Gus Dur juga melemparkan kritik kepada sebagian umat Islam yang hanya memiliki keimanan individual. Padahal, semestinya keimanan itu menjadi dasar atas kepedulian sosial. Gus Dur lantas menggali “rukun sosial” yang terkandung dalam Rukun Islam sehingga menghasilkan perincian berikut ini.
a. Dimensi sosial pada syahadat terlihat dari pengucapannya yang harus di depan khalayak, khususnya dalam konteks akad nikah atau persaksian.
b. Shalat apabila dikerjakan secara berjamaah akan menghindarkan masyarakat dari ke-munkar-an.
c. Zakat sudah jelas mengandung dimensi sosial karena telah mendidik umat Islam bahwa di setiap harta yang dimiliki terdapat hak kaum lemah yang wajib ditunaikan.
d. Puasa dapat mengundang kesetiakawanan sosial sebab dalam praktiknya berpijak pada kelaparan.
e. Haji menjadi titik temu universal semua muslim dalam keadaan yang paling murni.
Apa yang Gus Dur lakukan ini didasarkan pada Surah al-Baqarah ayat 177 berikut.
لَّيْسَ ٱلْبِرَّ أَن تُوَلُّوا۟ وُجُوهَكُمْ قِبَلَ ٱلْمَشْرِقِ وَٱلْمَغْرِبِ وَلَٰكِنَّ ٱلْبِرَّ مَنْ ءَامَنَ بِٱللَّهِ وَٱلْيَوْمِ ٱلْءَاخِرِ وَٱلْمَلَٰٓئِكَةِ وَٱلْكِتَٰبِ وَٱلنَّبِيِّۦنَ وَءَاتَى ٱلْمَالَ عَلَىٰ حُبِّهِۦ ذَوِى ٱلْقُرْبَىٰ وَٱلْيَتَٰمَىٰ وَٱلْمَسَٰكِينَ وَٱبْنَ ٱلسَّبِيلِ وَٱلسَّآئِلِينَ وَفِى ٱلرِّقَابِ وَأَقَامَ ٱلصَّلَوٰةَ وَءَاتَى ٱلزَّكَوٰةَ وَٱلْمُوفُونَ بِعَهْدِهِمْ إِذَا عَٰهَدُوا۟ ۖ وَٱلصَّٰبِرِينَ فِى ٱلْبَأْسَآءِ وَٱلضَّرَّآءِ وَحِينَ ٱلْبَأْسِ ۗ أُو۟لَٰٓئِكَ ٱلَّذِينَ صَدَقُوا۟ ۖ وَأُو۟لَٰٓئِكَ هُمُ ٱلْمُتَّقُونَ
Kebajikan itu bukanlah menghadapkan wajahmu ke arah timur dan barat, melainkan kebajikan itu ialah (kebajikan) orang yang beriman kepada Allah, hari akhir, malaikat-malaikat, kitab suci, dan nabi-nabi; memberikan harta yang dicintainya kepada kerabat, anak yatim, orang miskin, musafir, peminta-minta, dan (memerdekakan) hamba sahaya; melaksanakan salat; menunaikan zakat; menepati janji apabila berjanji; sabar dalam kemelaratan, penderitaan, dan pada masa peperangan. Mereka itulah orang-orang yang benar dan mereka itulah orang-orang yang bertakwa.
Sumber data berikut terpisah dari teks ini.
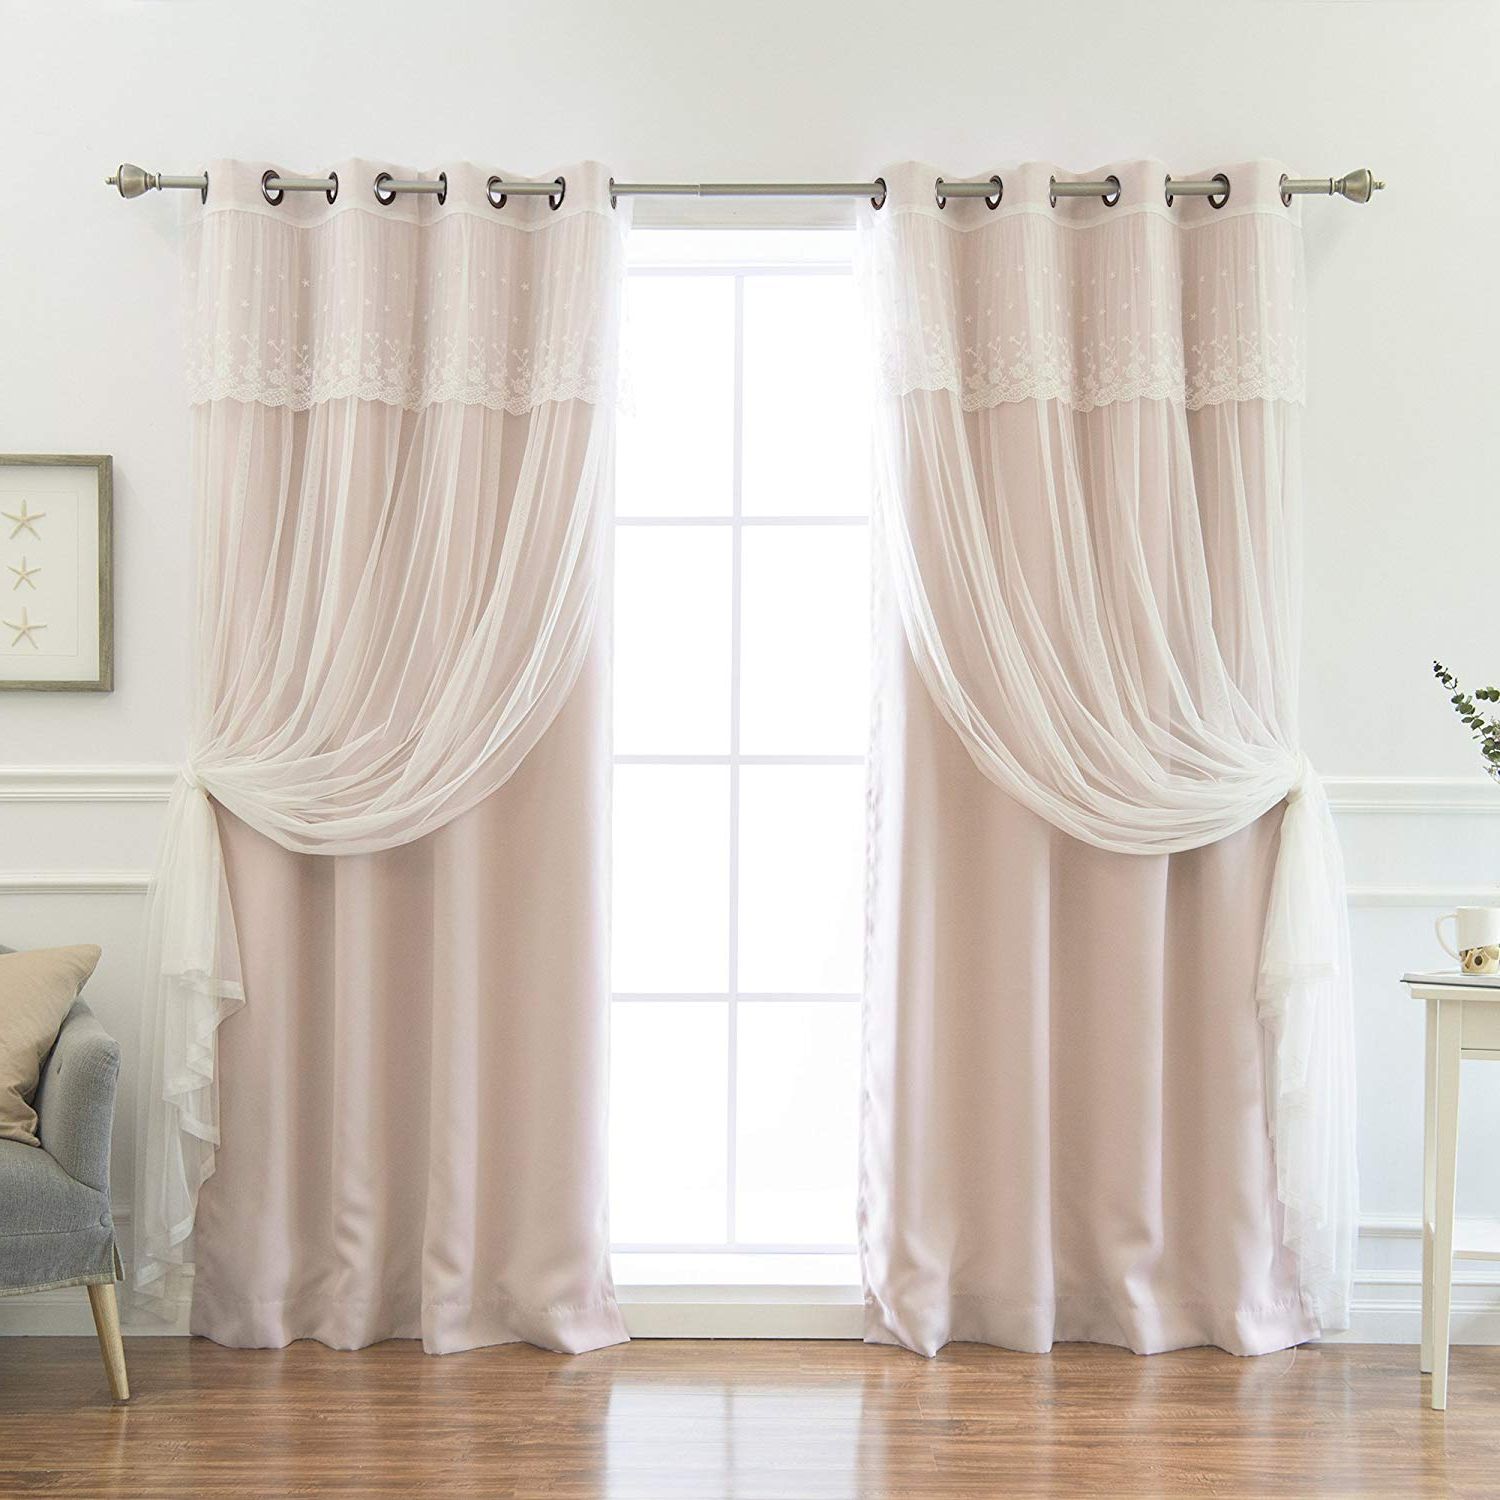 Tulle Sheer With Attached Valance And Blackout 4 Piece Curtain Panel Pairs Intended For Fashionable Best Home Fashion Mix & Match Tulle Sheer With Attached Valance & Solid  Blackout Curtain Set – Stainless Steel Nickel Grommet Top – Dusty Pink –  52"w (View 16 of 20)
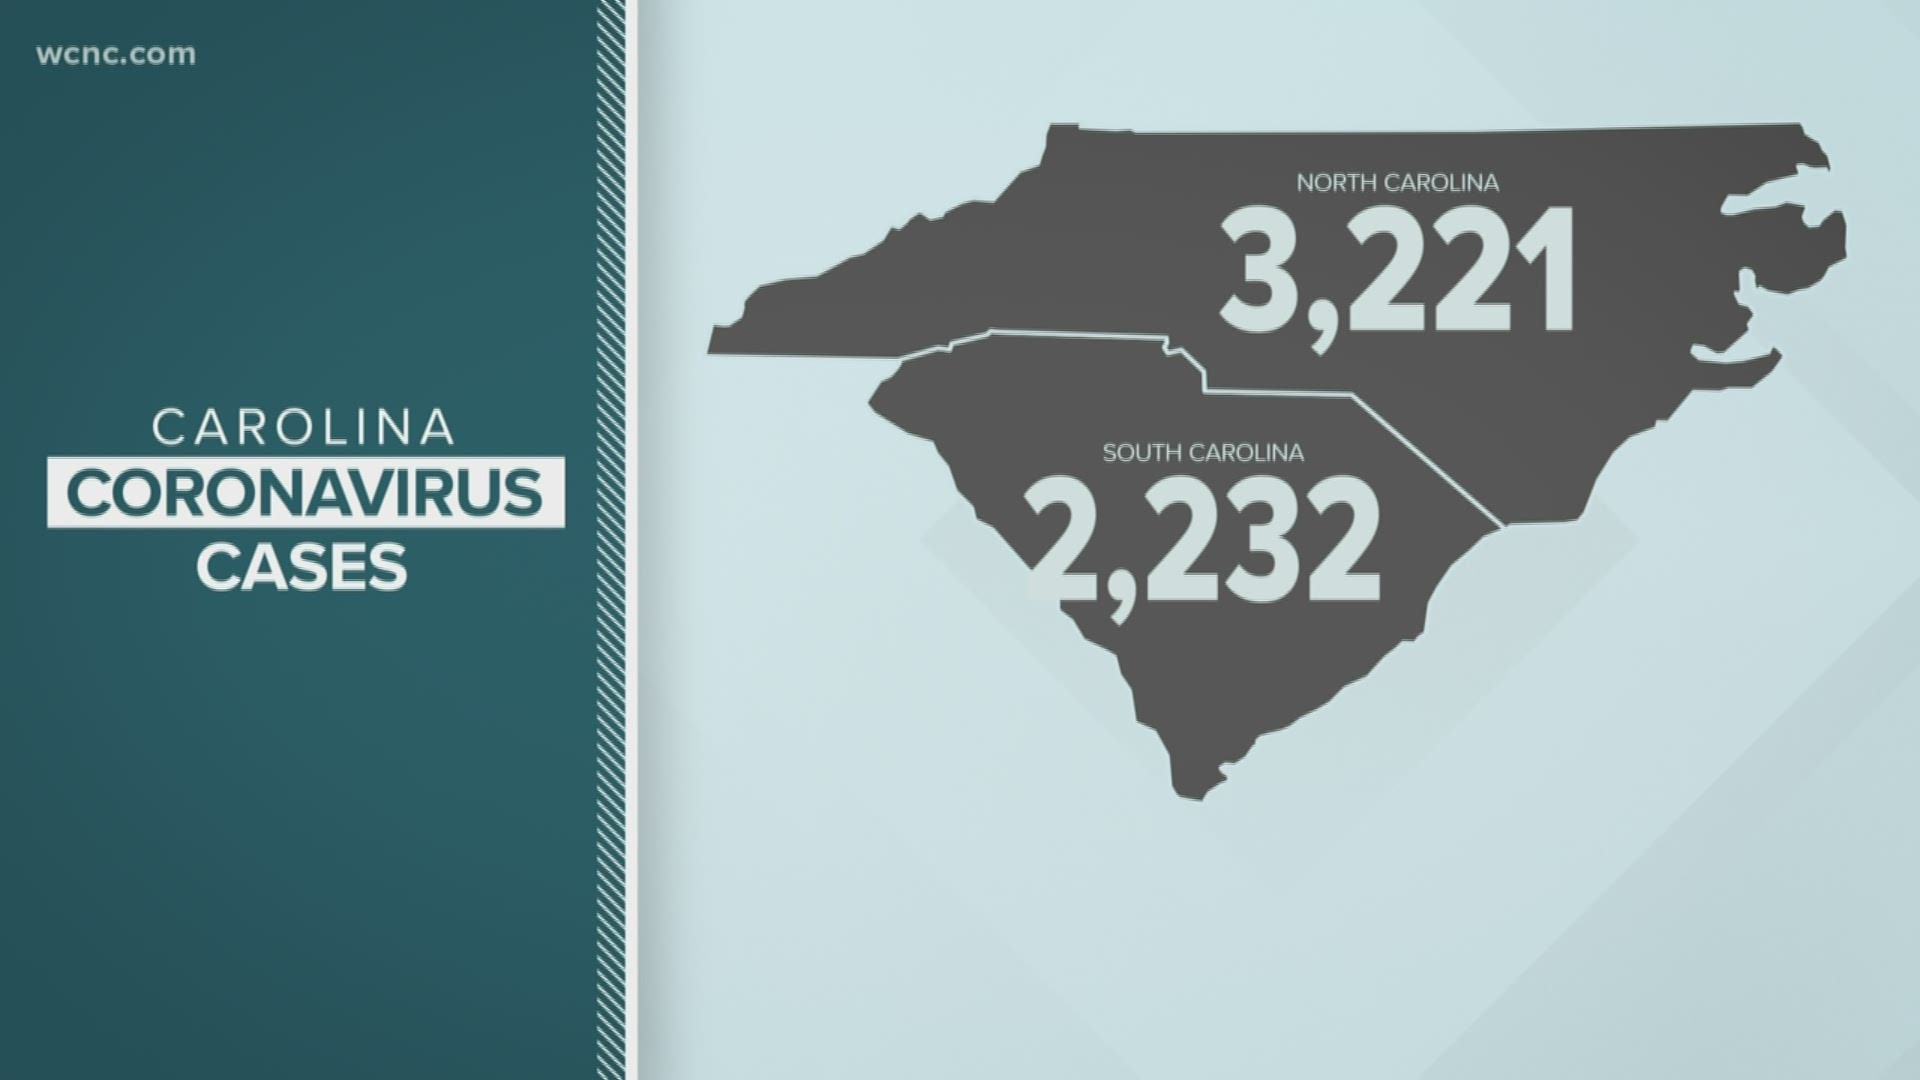 There are now over 3,200 confirmed cases of COVID-19 coronavirus in North Carolina. At least 46 people have died, including seven in Mecklenburg County.

Buku ini tak lupa mengulas hubungan antara agama (Islam) dengan negara dalam koridor pemikiran Gus Dur. Syaiful Arif menuliskan bahwa Gus Dur bukanlah sosok yang bercita-cita membentuk totalitas masyarakat Islami, bukan pula pribadi sekuler yang berusaha memisahkan Islam dengan negara. Gus Dur sendiri adalah individu yang tidak memisahkan Islam dari politik, tetapi wujud dari politik tersebut tidak harus negara Islam. Gus Dur justru kurang sepakat dengan wacana soal negara Islam. Menurutnya, konsepsi tentang negara Islam kerap kali berhenti pada aspek legal kenegaraan tanpa pernah mengaitkannya dengan sumber keabsahan pendirian negara―yakni rakyat (hal. 152).
Dalam konteks ini Gus Dur mempunyai pemikiran politiknya sendiri. Bagi Gus Dur, dalam negara harus terjadi keseimbangan antara kebebasan individu untuk berpartisipasi dalam politik dengan upaya penegakan pemerintahan yang kuat. Kebebasan individu dalam partisipasi politik merupakan implementasi dari perintah musyawarah (syura). Sementara itu, upaya pembentukan pemerintahan yang kuat berangkat dari perintah dalam al-Qur’an untuk menaati pemimpin―setelah taat terhadap Allah dan Rasul-Nya. Namun, Gus Dur mensyaratkan 3 hal dalam perkara ketaatan pada pemimpin ini, yaitu.
1. Pemimpin/pemerintah tersebut berkeadilan.
2. Pemimpin/pemerintah tersebut mengutamakan kemaslahatan rakyat.
3. Pemimpin/pemerintah tersebut mampu memenuhi batas minimal kebutuhan hidup rakyatnya.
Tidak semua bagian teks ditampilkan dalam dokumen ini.